Wassalamu’alaikum Warahmatullahi Wabarakatuh.

Serang, 17 oktober 2013








  1. DAFTAR ISI

  2. KATA PENGANTAR i
  3. DAFTAR ISI ii
  4. BAB I PENDAHULUAN 1
  5. BAB II PEMBAHASAN 2
  6. A. Sejarah lahirnya dan karya  AL Razi
  7. B. Filsafat Al Razi
  8. C. Akal kenabian dan wahyu
  9. BAB III PENUTUP 17
  10. A. kesimpulan 17
  11. DAFTAR PUSTAKA













BAB I
PENDAHULUAN
Berbicara mengenai filsafat islam saling berkaitan dengan filsafat umum, yakni hasil berkesinambungan pemikiran dan pendapat-pendat jagat raya ini. Berhubungan dengan isi makalah mengenai pemikiran Al Razi baik itu tentang sejarahnya, mengenal wahyu Allah filsafatnya dan pemikiran –pemikiran yang lain.
Secara garis besar besar bahwa Al razi dikenal sebagai ahli ilmu kedokteran, dan dari berbagai hasil penelitian- penelitian kedokterannya ia pun ahli dibidang- bidang lainnya. Bapaknya yang menginginkan sekali bahwa ia meneruskan bapaknya untuk berdagang .
Untuk mengetahui lebih jelas lagi kami akan menguraikan tentang makalah ini yang berisikan mengenai Al Razi itu sendiri.














BAB II
PEMBAHASAN
A. SEJARAH LAHIR
nama lengkap al-razi adalah Abu Bakar Muhammad IBNU Zakaria ibnu Yahya Al razi. Dalam wacana keilmuan barat dikenal dengan sebutan Rhazes. Ia dilahirkan ri Rayy, sebuah Kota tua yang masa lalu bernama Roghee, dekat Teheran, Republik Islam Iran pada tanggal 1 sya’ban 250 M/865M
Ada beberapa nama tokoh lain yang juga dipanggilkan alrazi yakni Abu Hatim Al-razi, Fakhrudin Al-razi dan Najmudin Al-razi.

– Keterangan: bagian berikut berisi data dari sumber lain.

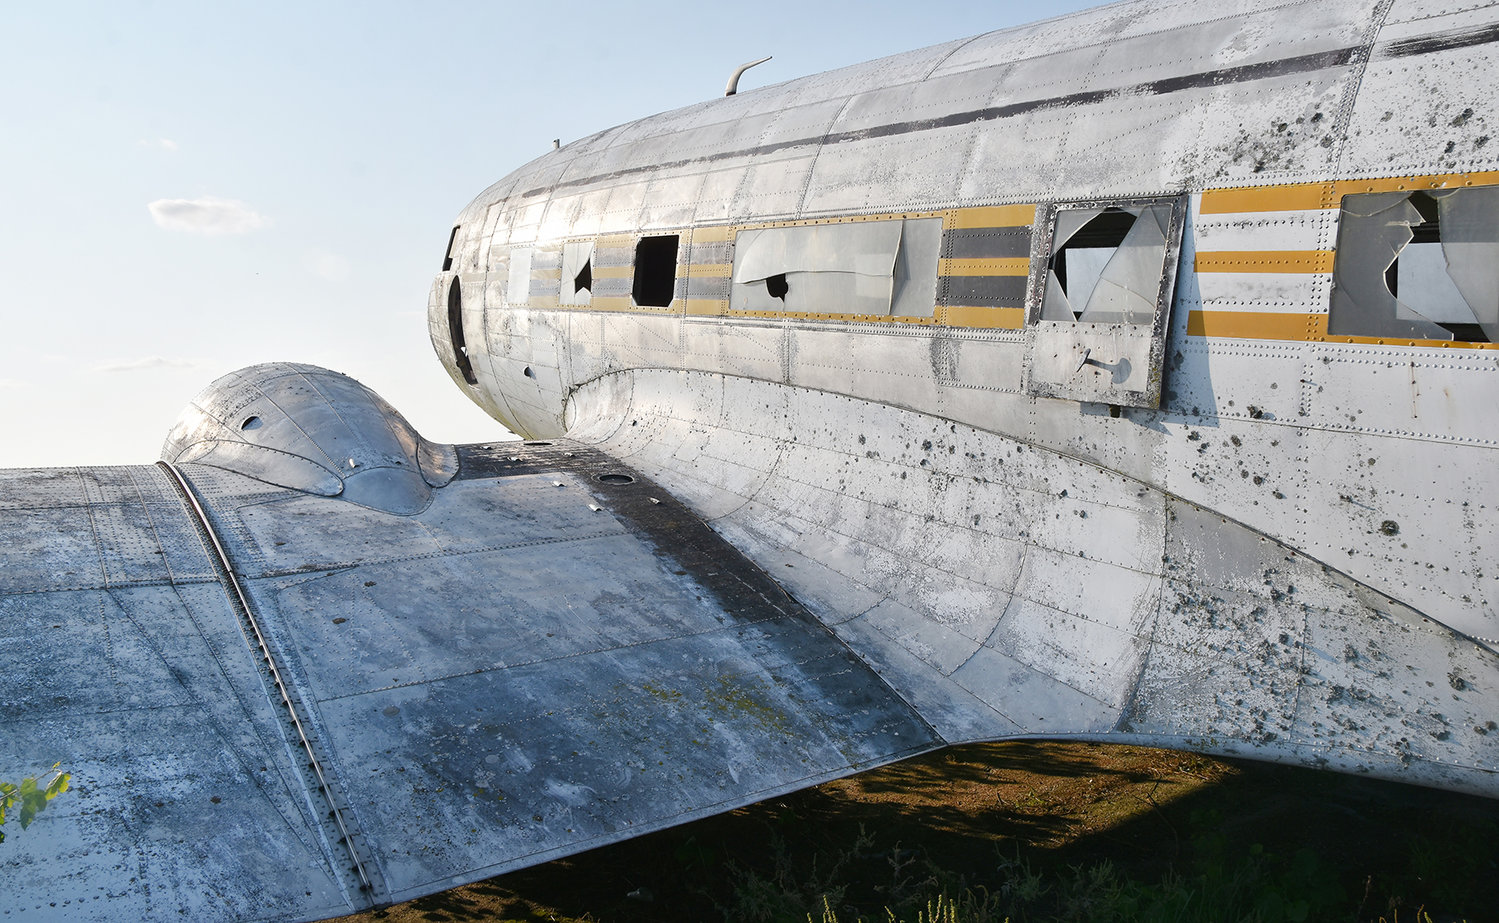 The third DC3 airplane has been stripped down, cleaned and is waiting for its next adventure.

Oleh karena itu, untuk membedakan Al- razi, sang Filosof dari tokoh-tokoh lain, perlu ditambahkan dengan sebutan Abu bakar, yang merupakan Nama kun-yah- nya (gelarnya).
Pada masa mudanya ia pernah menjadi tukang intan, penukar uang dan pemain kecapi. Kemudian ia menaruh perhatian yang besar terhadap ilmu kimia dan meninggalkannnya ketika matanya terkena penyakit akibat experiment yang dilakukannya. Setelah ia mendalami dan beralih keilmu Kedokteran dan Filsafat. Sebenarnya ayahnya berharap agar Al razi  mengikuti profesinya sebagai Pedagang.
 Oleh karena itu ayahnya telah membekali diri Al razi dengan ilmu-ilmu perdagangan. Namun ternyata Al razi lebih memilih perkara-perkara yang lebih besar ketimbang hanya memikirkan materi belaka. Akan tetapi ayahnya tidak pernah menghalangi bakat Al- razi menjadi seorang intelektual. Hal ini juga dapat dijadikan bukti bahwa ayahnya sangat Arif terhadap perkembangan ilmu pengetahuan.
Al- razi terkenal sebagai dokter yang dermawa, penyayang kepada pasien-pasiennya karena itu ia sering memberikan pengobatan Cuma-Cuma kepada orang-orang miskin. Namun, ungkap Abdul Latif Muhammad Al- Abd terlalu berlebihan yang mengatakan bahwa Al razi tidak memiliki harta sampai ia meninggsl dunia. kenyataannya ia sering pulang pergi antara Baghdad dan Rayy. Hal ini menunjukan bahwa ia masih mempunyai uang.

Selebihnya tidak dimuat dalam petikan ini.